Records for the exercise below:

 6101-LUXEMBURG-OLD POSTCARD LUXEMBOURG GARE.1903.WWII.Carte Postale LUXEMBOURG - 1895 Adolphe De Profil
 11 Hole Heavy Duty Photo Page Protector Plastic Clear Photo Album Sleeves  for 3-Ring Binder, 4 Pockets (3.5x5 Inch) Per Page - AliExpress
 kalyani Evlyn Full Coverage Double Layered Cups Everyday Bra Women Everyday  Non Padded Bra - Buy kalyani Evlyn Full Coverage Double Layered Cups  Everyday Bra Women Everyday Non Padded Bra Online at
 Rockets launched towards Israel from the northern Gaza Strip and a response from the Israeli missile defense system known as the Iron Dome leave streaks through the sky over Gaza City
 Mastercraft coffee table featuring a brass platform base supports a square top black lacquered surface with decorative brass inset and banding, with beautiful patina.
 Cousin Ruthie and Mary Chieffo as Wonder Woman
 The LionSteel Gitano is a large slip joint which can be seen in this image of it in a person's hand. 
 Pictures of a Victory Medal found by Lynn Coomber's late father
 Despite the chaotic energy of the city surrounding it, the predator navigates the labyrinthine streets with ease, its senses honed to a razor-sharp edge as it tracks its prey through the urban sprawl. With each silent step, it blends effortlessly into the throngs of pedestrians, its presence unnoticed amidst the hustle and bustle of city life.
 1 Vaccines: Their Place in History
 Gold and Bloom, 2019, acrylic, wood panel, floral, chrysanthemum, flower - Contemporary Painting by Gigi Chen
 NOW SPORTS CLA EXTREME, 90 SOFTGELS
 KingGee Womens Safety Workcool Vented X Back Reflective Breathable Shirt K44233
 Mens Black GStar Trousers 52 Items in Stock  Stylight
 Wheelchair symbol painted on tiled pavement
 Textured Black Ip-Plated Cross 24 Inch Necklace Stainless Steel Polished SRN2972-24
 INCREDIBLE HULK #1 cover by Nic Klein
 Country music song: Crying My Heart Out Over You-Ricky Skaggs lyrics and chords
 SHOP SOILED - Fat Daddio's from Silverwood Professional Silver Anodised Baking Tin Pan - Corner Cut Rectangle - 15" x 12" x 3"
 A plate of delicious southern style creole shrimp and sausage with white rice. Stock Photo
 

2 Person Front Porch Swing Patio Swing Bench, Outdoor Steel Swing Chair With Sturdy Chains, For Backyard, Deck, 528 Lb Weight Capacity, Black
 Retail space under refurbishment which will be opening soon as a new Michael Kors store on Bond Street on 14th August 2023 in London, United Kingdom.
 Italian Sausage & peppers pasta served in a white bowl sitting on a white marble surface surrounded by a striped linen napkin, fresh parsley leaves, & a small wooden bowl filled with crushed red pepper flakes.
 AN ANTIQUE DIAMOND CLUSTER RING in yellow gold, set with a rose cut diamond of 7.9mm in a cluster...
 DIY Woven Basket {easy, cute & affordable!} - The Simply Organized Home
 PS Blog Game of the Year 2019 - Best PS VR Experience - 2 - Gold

End of Records for the exercise.

Problem statement: Repeat all of the material above exactly, with no line dropped.

Response to this task:
 6101-LUXEMBURG-OLD POSTCARD LUXEMBOURG GARE.1903.WWII.Carte Postale LUXEMBOURG - 1895 Adolphe De Profil
 11 Hole Heavy Duty Photo Page Protector Plastic Clear Photo Album Sleeves  for 3-Ring Binder, 4 Pockets (3.5x5 Inch) Per Page - AliExpress
 kalyani Evlyn Full Coverage Double Layered Cups Everyday Bra Women Everyday  Non Padded Bra - Buy kalyani Evlyn Full Coverage Double Layered Cups  Everyday Bra Women Everyday Non Padded Bra Online at
 Rockets launched towards Israel from the northern Gaza Strip and a response from the Israeli missile defense system known as the Iron Dome leave streaks through the sky over Gaza City
 Mastercraft coffee table featuring a brass platform base supports a square top black lacquered surface with decorative brass inset and banding, with beautiful patina.
 Cousin Ruthie and Mary Chieffo as Wonder Woman
 The LionSteel Gitano is a large slip joint which can be seen in this image of it in a person's hand. 
 Pictures of a Victory Medal found by Lynn Coomber's late father
 Despite the chaotic energy of the city surrounding it, the predator navigates the labyrinthine streets with ease, its senses honed to a razor-sharp edge as it tracks its prey through the urban sprawl. With each silent step, it blends effortlessly into the throngs of pedestrians, its presence unnoticed amidst the hustle and bustle of city life.
 1 Vaccines: Their Place in History
 Gold and Bloom, 2019, acrylic, wood panel, floral, chrysanthemum, flower - Contemporary Painting by Gigi Chen
 NOW SPORTS CLA EXTREME, 90 SOFTGELS
 KingGee Womens Safety Workcool Vented X Back Reflective Breathable Shirt K44233
 Mens Black GStar Trousers 52 Items in Stock  Stylight
 Wheelchair symbol painted on tiled pavement
 Textured Black Ip-Plated Cross 24 Inch Necklace Stainless Steel Polished SRN2972-24
 INCREDIBLE HULK #1 cover by Nic Klein
 Country music song: Crying My Heart Out Over You-Ricky Skaggs lyrics and chords
 SHOP SOILED - Fat Daddio's from Silverwood Professional Silver Anodised Baking Tin Pan - Corner Cut Rectangle - 15" x 12" x 3"
 A plate of delicious southern style creole shrimp and sausage with white rice. Stock Photo
 

2 Person Front Porch Swing Patio Swing Bench, Outdoor Steel Swing Chair With Sturdy Chains, For Backyard, Deck, 528 Lb Weight Capacity, Black
 Retail space under refurbishment which will be opening soon as a new Michael Kors store on Bond Street on 14th August 2023 in London, United Kingdom.
 Italian Sausage & peppers pasta served in a white bowl sitting on a white marble surface surrounded by a striped linen napkin, fresh parsley leaves, & a small wooden bowl filled with crushed red pepper flakes.
 AN ANTIQUE DIAMOND CLUSTER RING in yellow gold, set with a rose cut diamond of 7.9mm in a cluster...
 DIY Woven Basket {easy, cute & affordable!} - The Simply Organized Home
 PS Blog Game of the Year 2019 - Best PS VR Experience - 2 - Gold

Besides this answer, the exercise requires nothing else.